The exception to this is Bellepi drilled this spring which is very clearly “out blackgrassing” the blackgrass with its extraordinarily thick canopy, hopefully it will yield well and then our faith in it will have been well-placed – the Bellepi that was drilled last November is showing similarly high levels of crop canopy competition – we need all the help we can get when it comes to blackgrass control.

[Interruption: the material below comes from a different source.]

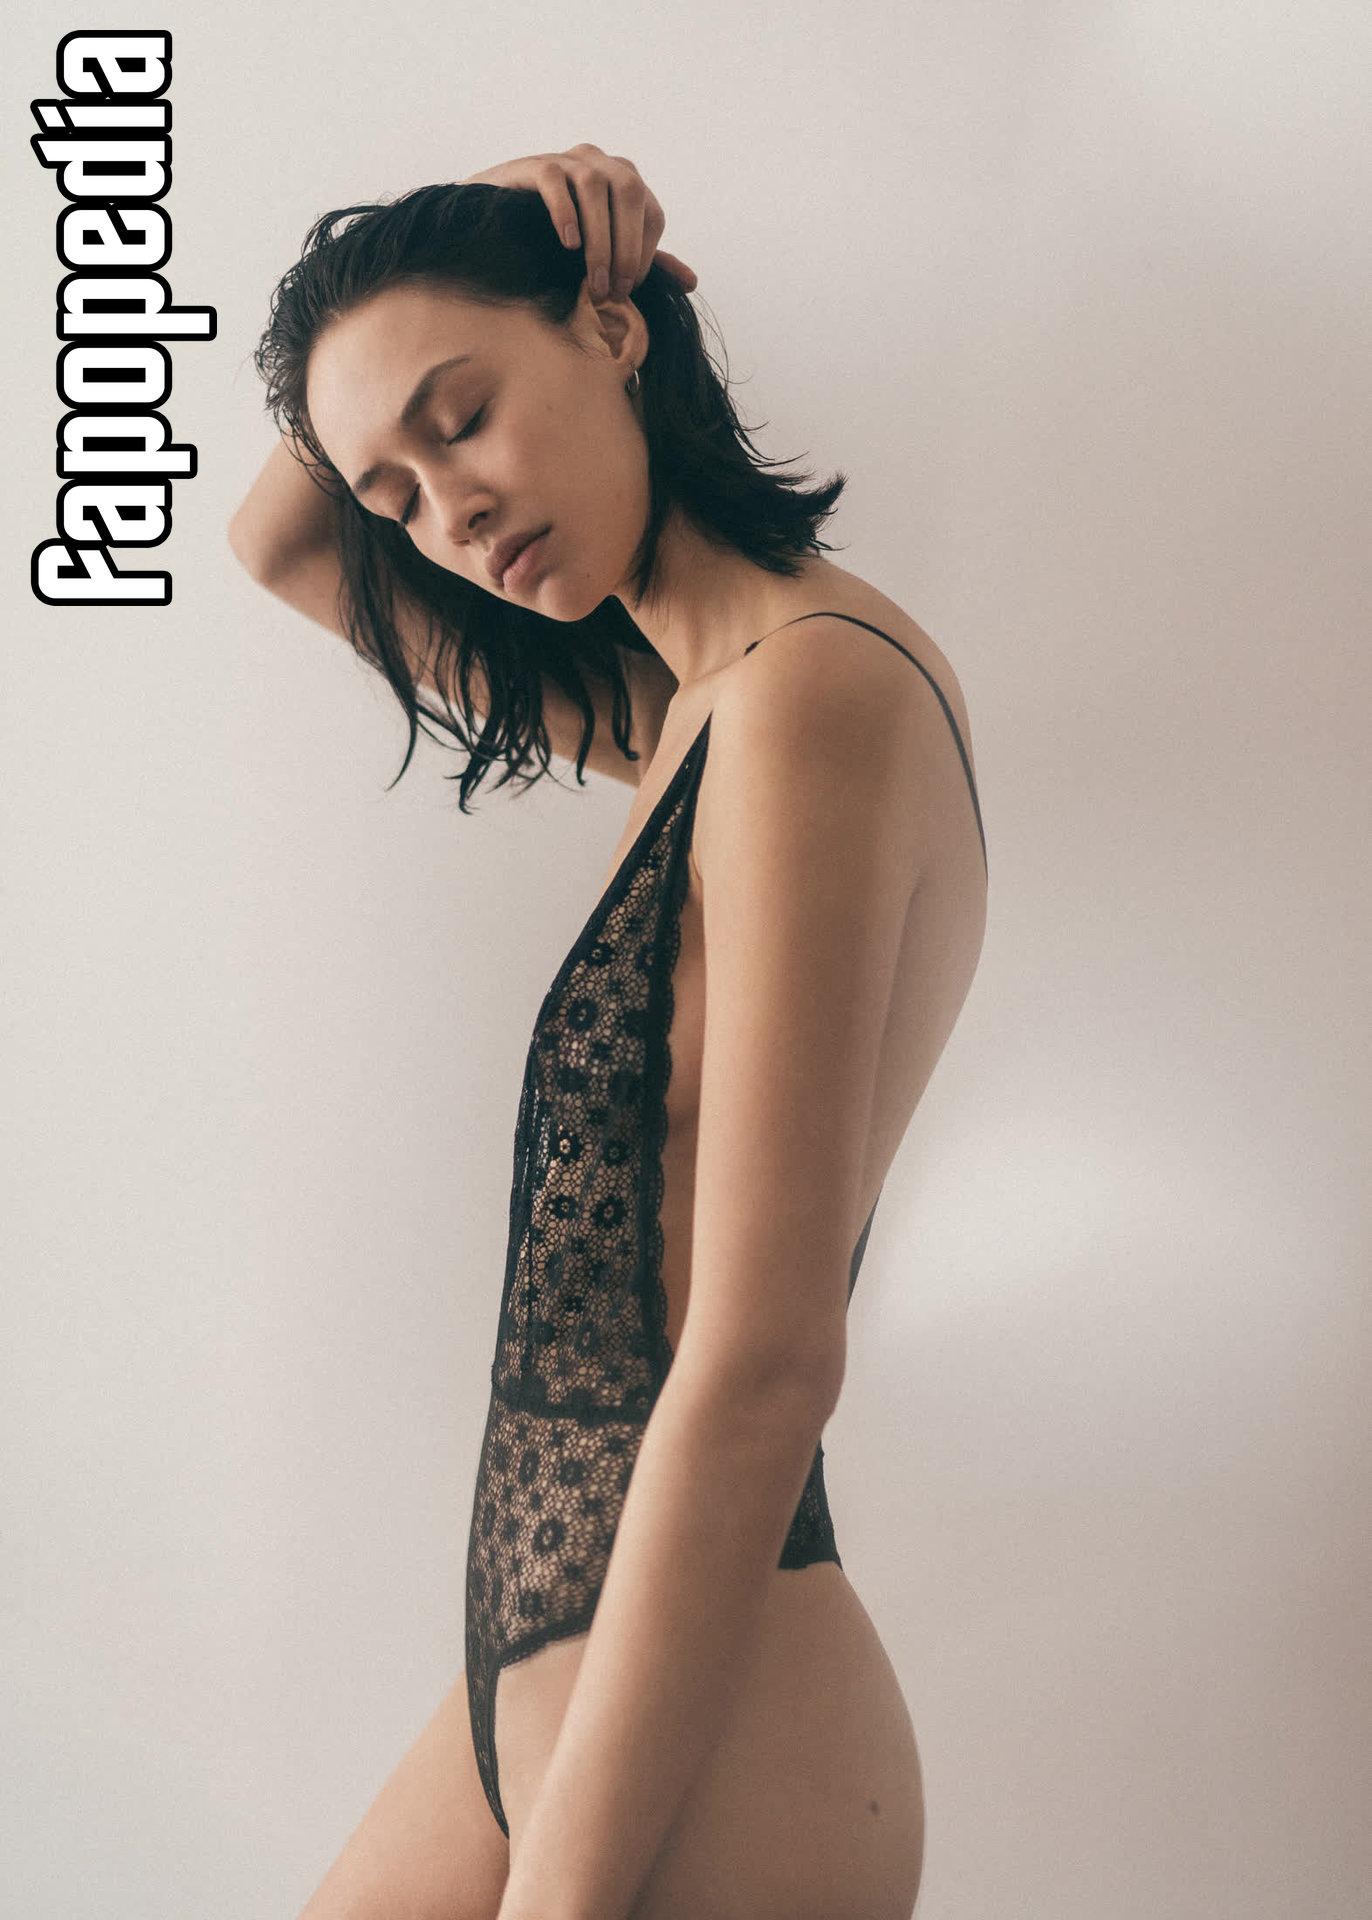 Raina Masters Nude Leaks

Leaf miner has begun to appear in sugar beet crops across Lincolnshire – more widespread in the South, but also relatively easy to find further north. The threshold for treatment is when the number of eggs plus larvae per plant, should be equal to or greater than the square of the number of leaves. Put simply, if you have 4 leaves you need 16 eggs and larvae to justify treatment. Leaf miner burrow between the leaf layers of leaves and the damage looks dramatic, but it’s far more significant in a young crop than it is in the 12 leaf crops that we’re looking at the moment – which incidentally would require 144 eggs and larvae per plant to warrant treatment! The options available are limited and at best unreliable, with lambda cyhalothrin needing to be applied at the instant the eggs hatch because it only kills the grubs as they leave the egg. Speak to your agronomist or sugar beet fieldsman, because it often looks a lot worse than it is.

Conditions are perfect for potato blight at the moment, so blight programmes are well and truly underway, with seven day intervals being maintained. Myzus persicae are beginning to appear in many canopies now and are being closely monitored.

Spring beans are in full flower, with around 20% of pods set now and in the more susceptible varieties, downy mildew is widespread – remarkable considering the humid and thundery weather conditions. The incidence of downy mildew has been patchy, but has been dealt with where necessary. Colonies of black bean aphids suddenly appeared in many fields at the beginning of last week along with bruchid beetle, so suitable insecticides are being included with fungicide applications where necessary, with very early morning applications being made because of the high numbers of bees in the canopies.

Hopefully that light at the end of the tunnel isn’t a freight train heading straight for me!